The return of a long target trajectory is not particularly important to our task. Because when the object is far away, the trajectory is relatively concentrated.

Semi-supervised learning, in order to make the network more than just assign input. So the author added soft constraints to approximate the bone length of the unmarked batch target and the bone length of the marked batch target. This is important for self-monitoring. So added bone length L2 loss.

Network details

2D pose

The 2D pose used in this article is CPN + Mask RCNN, in which Mask RCNN uses ResNet101 as the backbone.
Mask RCNN and CPN are pre-trained on the COCO data set, and then finetune is performed on the 2D mapping of Human3.6M to better adapt to the data set (there is also corresponding ablation learning, the CPN learned by COCO is directly in Human3.6M 3D prediction training on the data set).
Because the 2D keypoint of human3.6M is different from COCO, when performing finetune on Human3.6M, it is necessary to reinitialize the last layer and add another layer of deconv to return to the heatmaps to learn the new keypoint.

3D pose

Under normal circumstances, global trajectory prediction is not performed unless semi-supervised learning is used.
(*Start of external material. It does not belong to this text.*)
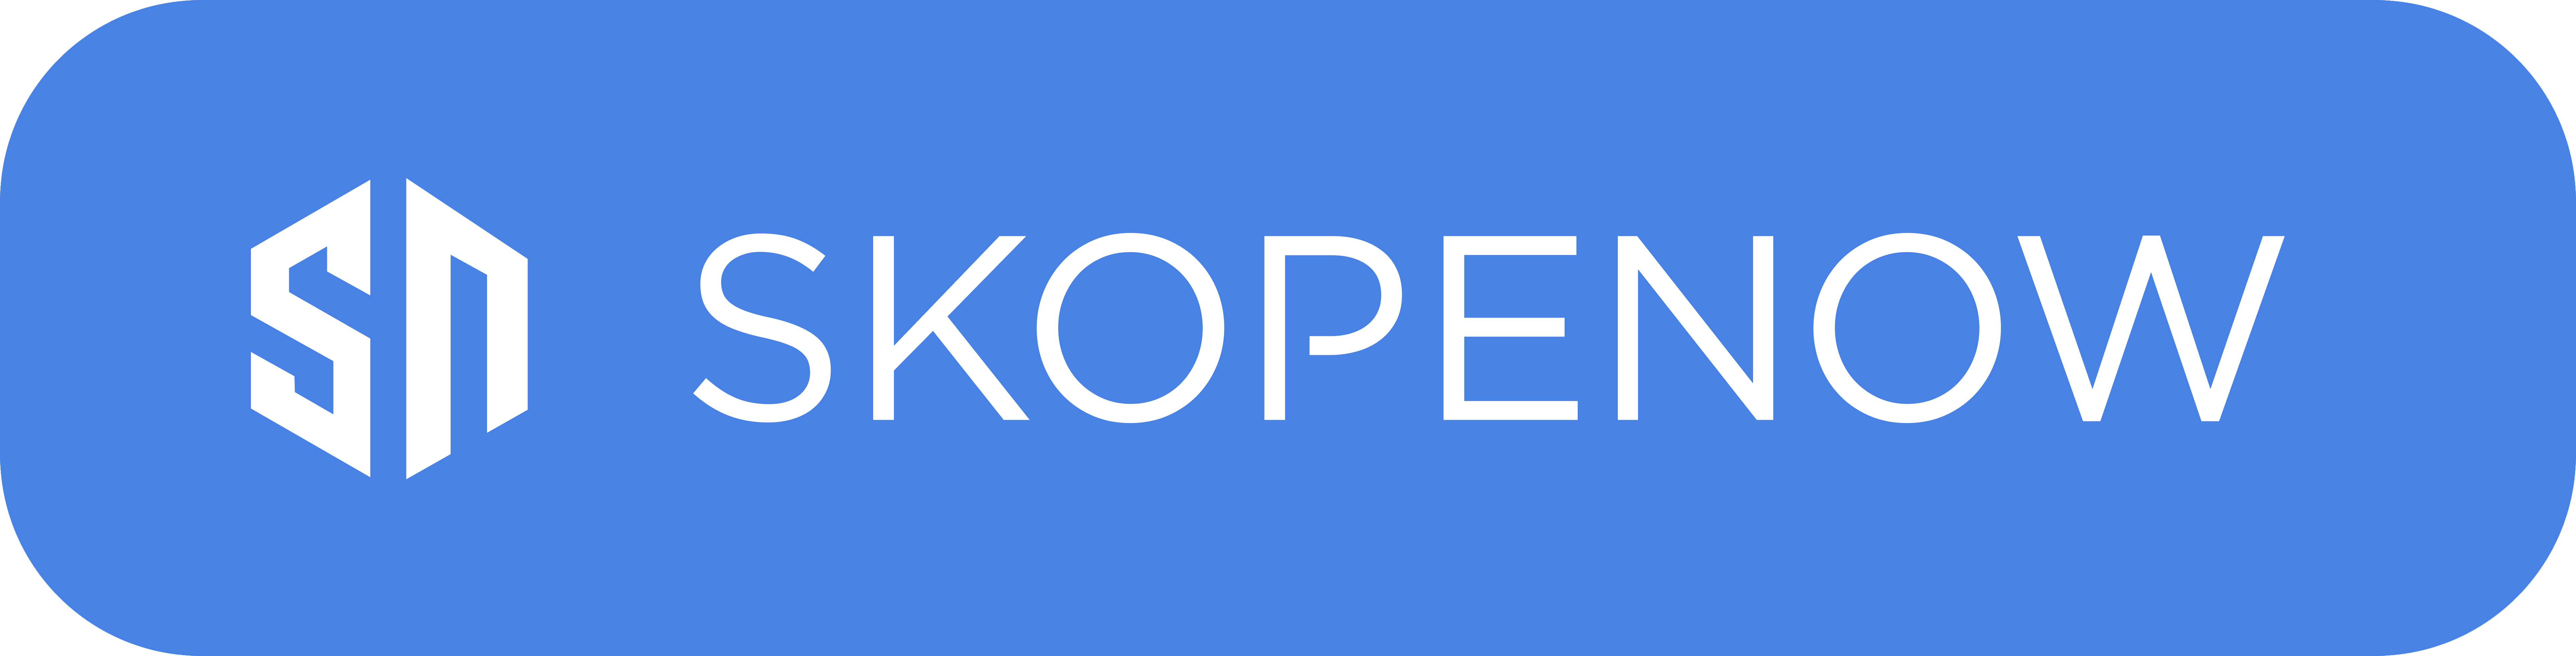 skopenow-sponsor-logo

In the training of the preliminary experiment, the author found that a large number of adjacent frames are worse than not using time domain information (batch of random samples). Therefore, the author chose to cut out the response clips from different videos and mix them for training.

In terms of experimental details, it was found that stride's conv can be used to replace dilation conv to optimize a single frame. During inference, the entire sequence can be processed and the intermediate states of other 3D frames can be reused to improve the inference speed. During training, it is found that if the BN parameter is trained with the default value, it will cause the test error to fluctuate greatly ( $\pm1$ mm). Therefore, the parameter attenuation strategy of the BN layer is set: Initially, $\beta=0.1$ , exponential decay to $\ beta = 0.001$ . Finally, during testing, a flip operation was added.

Experimental results

Timing dilation conv model

The table below shows the comparison with other advanced models. The model in this paper has the lowest average error at the time under all standards, and does not depend on other data. It should be noted that the model clearly uses the timing information, so it is 5mm lower than the single-frame experiment on MPJPE. But the single frame model is also better than others. It should also be noted that the model in this table is obtained by 2D sequence training of CPN after finetune, not ground_truth .
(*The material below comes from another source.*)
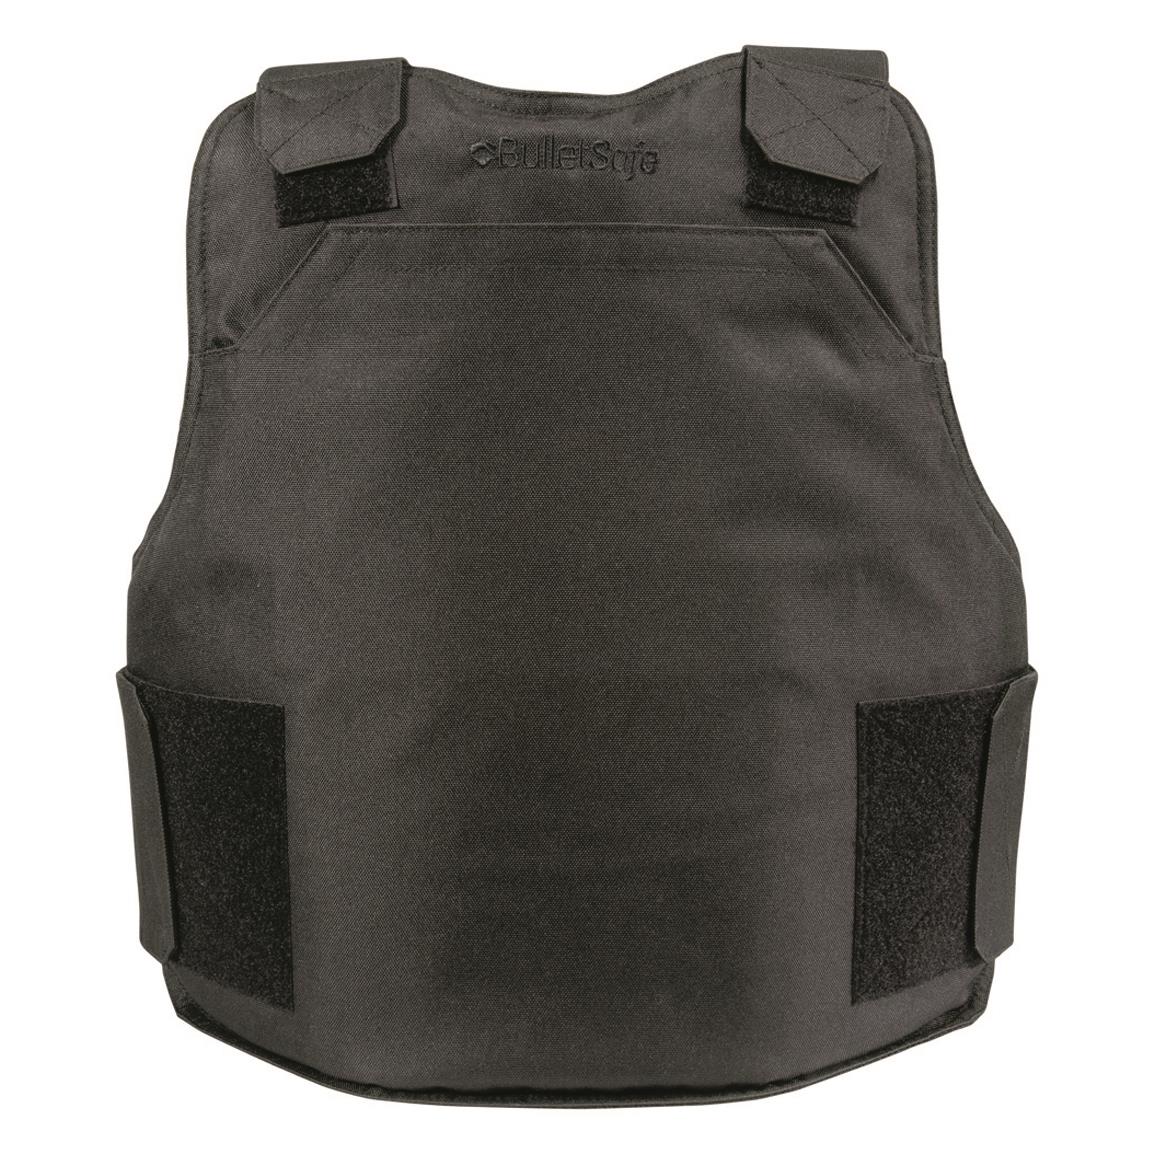 Premier Body Armor Discreet Executive Vest - Level IIIA Black Small

The above timing dilation conv uses the information of past and future frames. If you need to perform 3D prediction in a real-time scene, you need to use casual conv, which will predict the 3D pose of the last frame. The partial display results of the dilation conv timing model are shown in the following figure.

Interestingly, the performance of using Mask RCNN and ground-truth bounding box is similar, which means that the detection result is almost perfect in this single-person scene.

The following table shows the influence of the sequence predicted by the 2D points on the 3D pose, which shows the results of various 2D sources. The improvement of CPN & Mask RCNN display results may be higher heatmap resolution, stronger feature merging, or more discrete pre-training data set.

The absolute position error cannot measure the smoothness of the prediction. And smoothness is very important for video. To evaluate this, the joint velocity error (MPJVE) is used, which corresponds to the first derivative of the 3D sequence of MPJPE. Table 2 shows that the timing model reduces the MPJVE single frame baseline by an average of 76%, thus greatly smoothing the 3D pose.

The following table shows the results of training on the HumanEva-I dataset.

The following table compares the complexity of CNN and LSTM, and also compares the results of 3D pose estimation using 2D sequences of different lengths.